-- Input data follows --

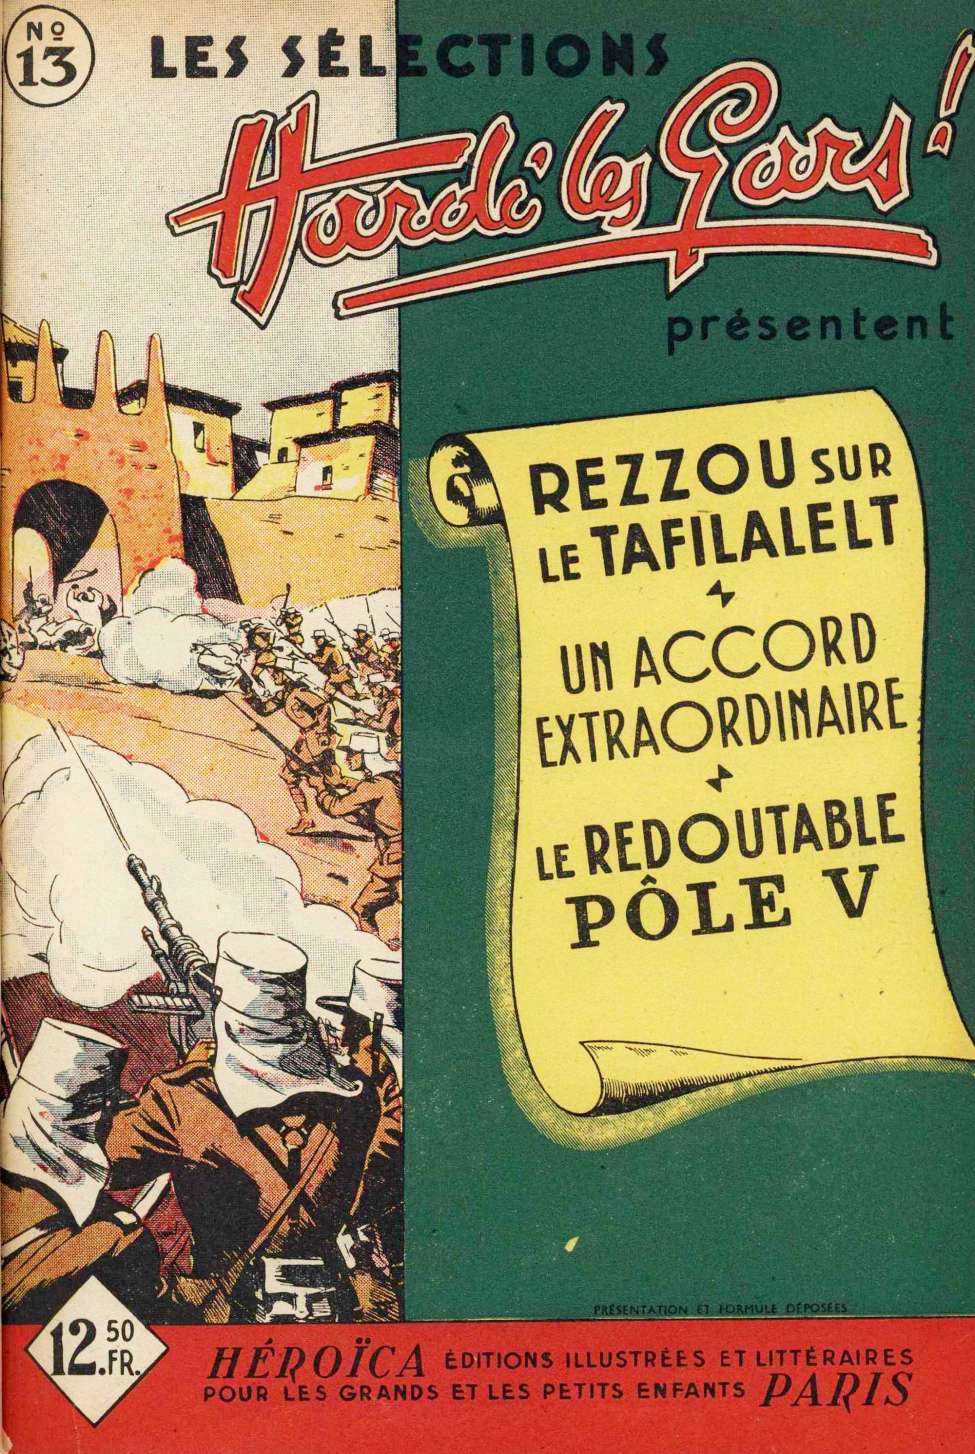 Book Cover For Hardi les Gars 13 - Rezzou sur le Tafilalelt
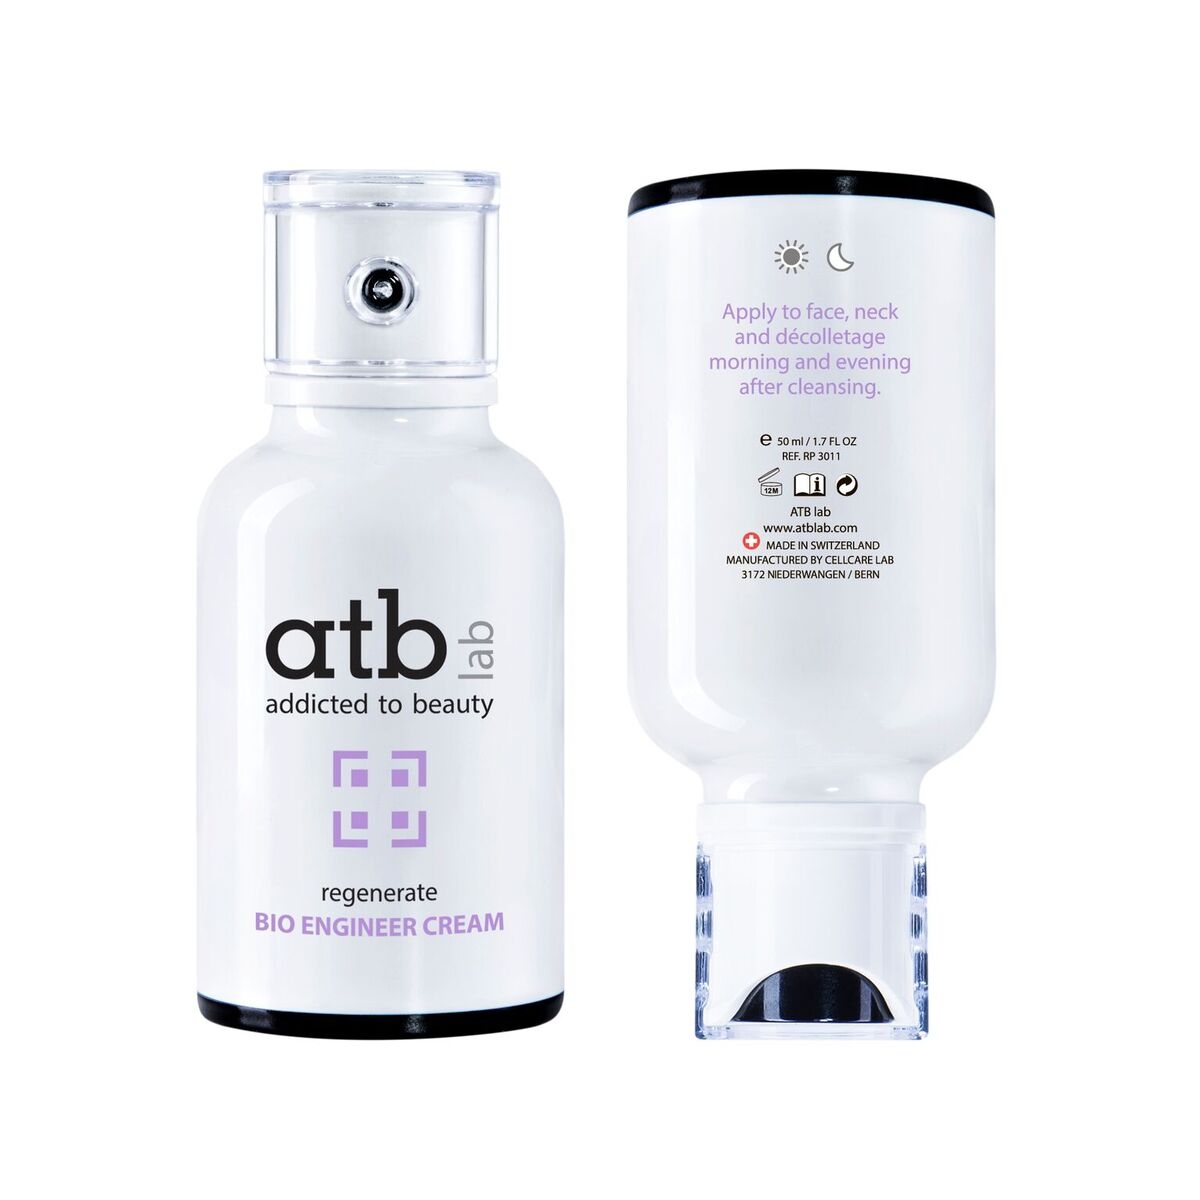 Крем skin clean. ATB крем "био-инженер",50 мл. Швейцарская косметика ATB. ATB крем. ATB Lab косметика крем для глаз.
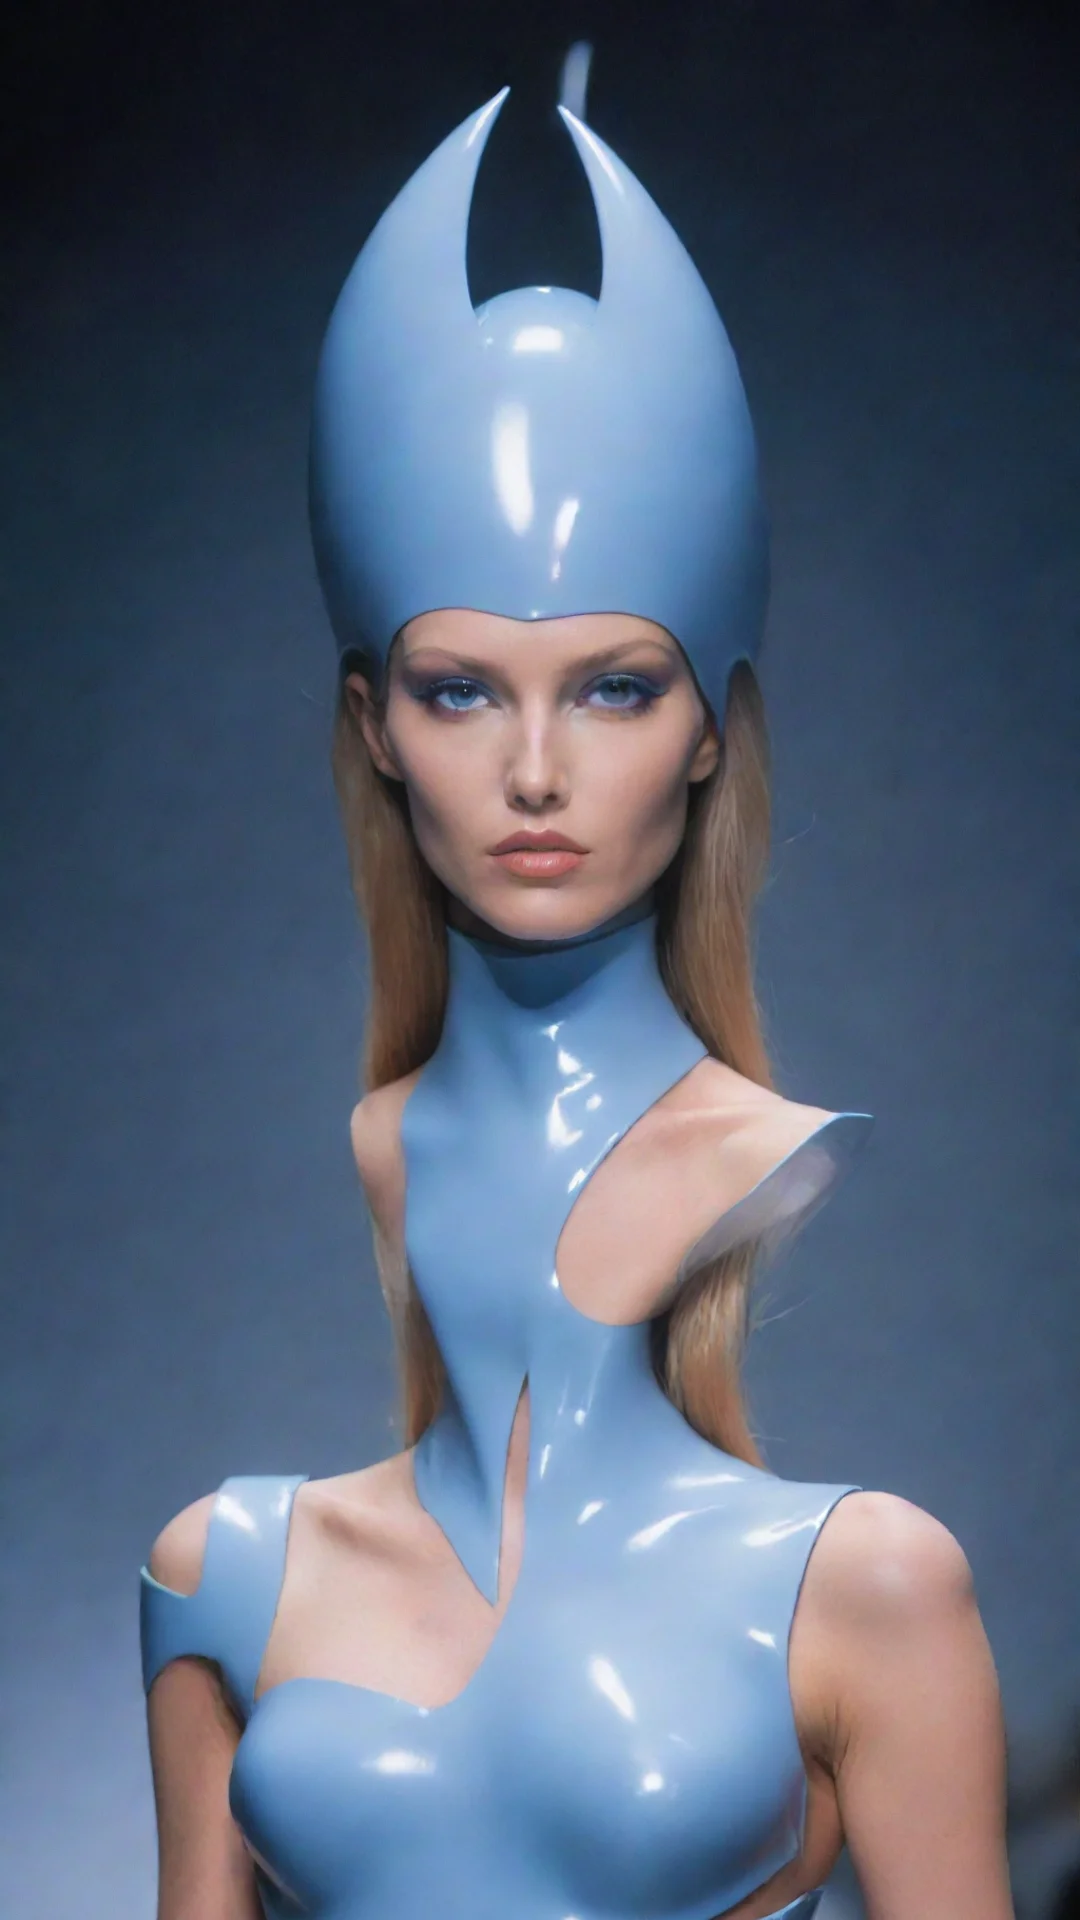 aiamazing thierry mugler fashion style futuristic model awesome portrait 2 tall
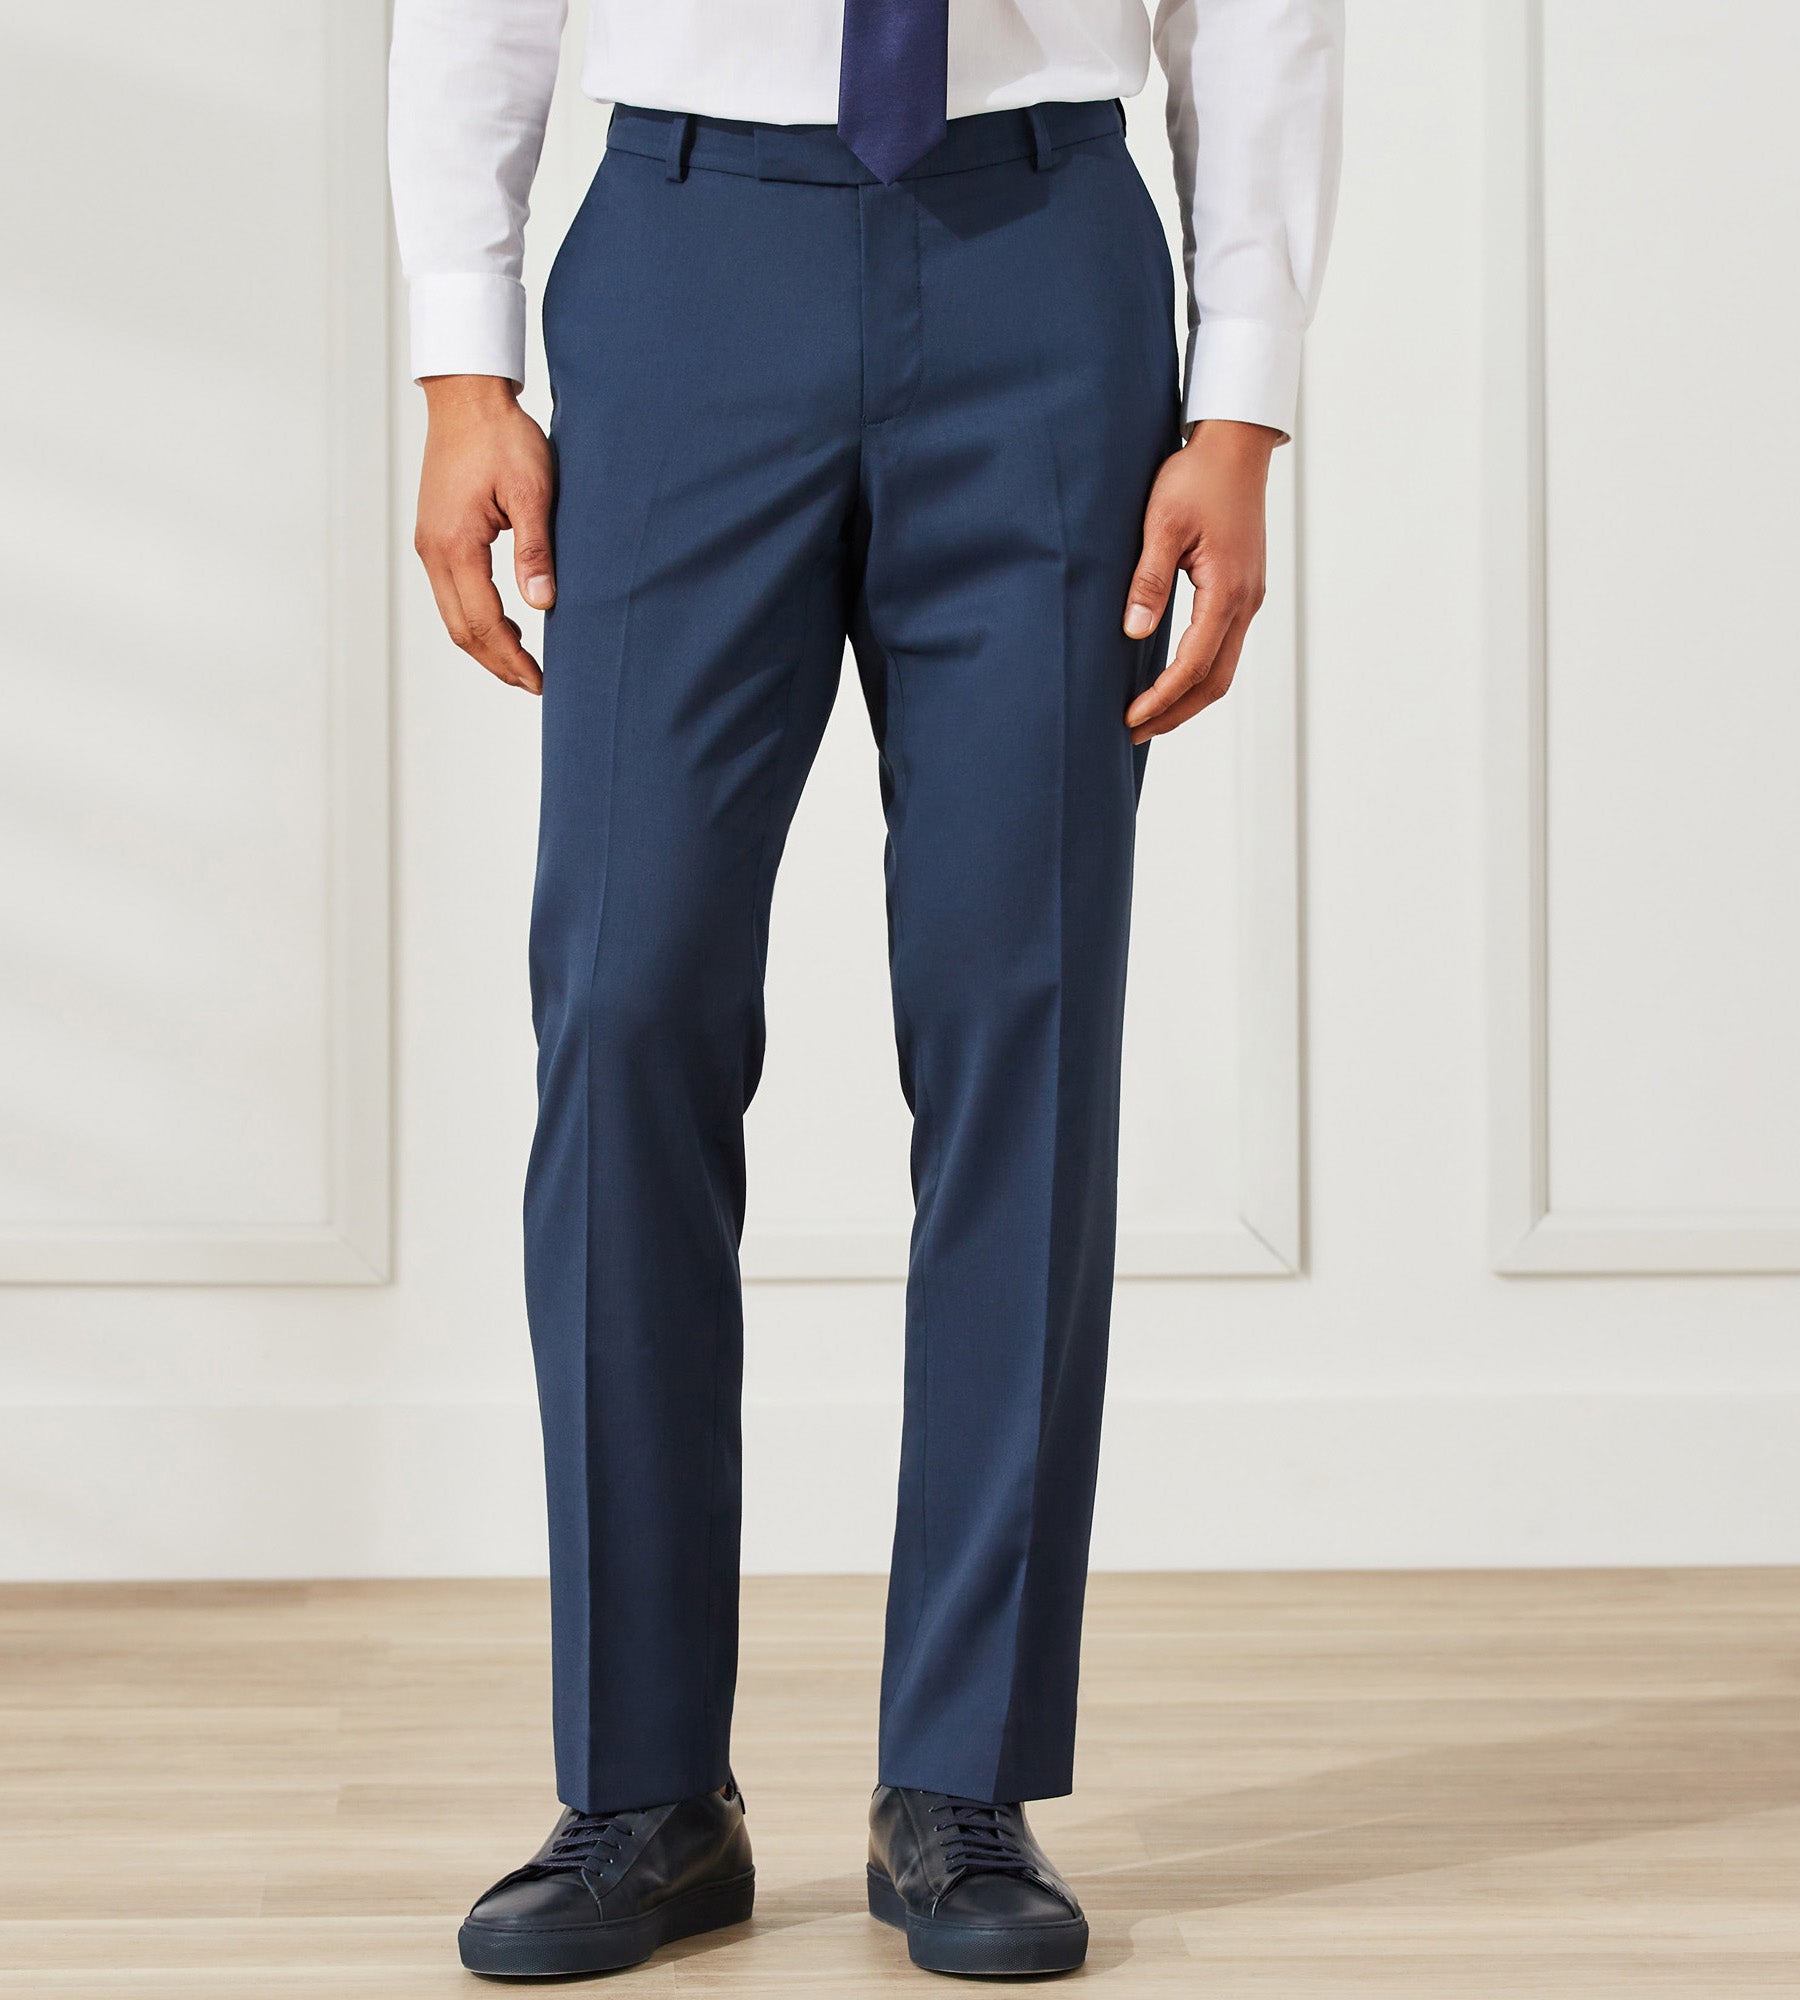 Mens New Carabou Formal Pant Trouser Expandaband Black Grey Navy Taupe  Designer

-- Input data concluded --

What needs to be done:
Print each line above exactly as it appears, excluding all images.

Exercise solution:
 Book Cover For Hardi les Gars 13 - Rezzou sur le Tafilalelt
 Крем skin clean. ATB крем "био-инженер",50 мл. Швейцарская косметика ATB. ATB крем. ATB Lab косметика крем для глаз.
 aiamazing thierry mugler fashion style futuristic model awesome portrait 2 tall
 Mens New Carabou Formal Pant Trouser Expandaband Black Grey Navy Taupe  Designer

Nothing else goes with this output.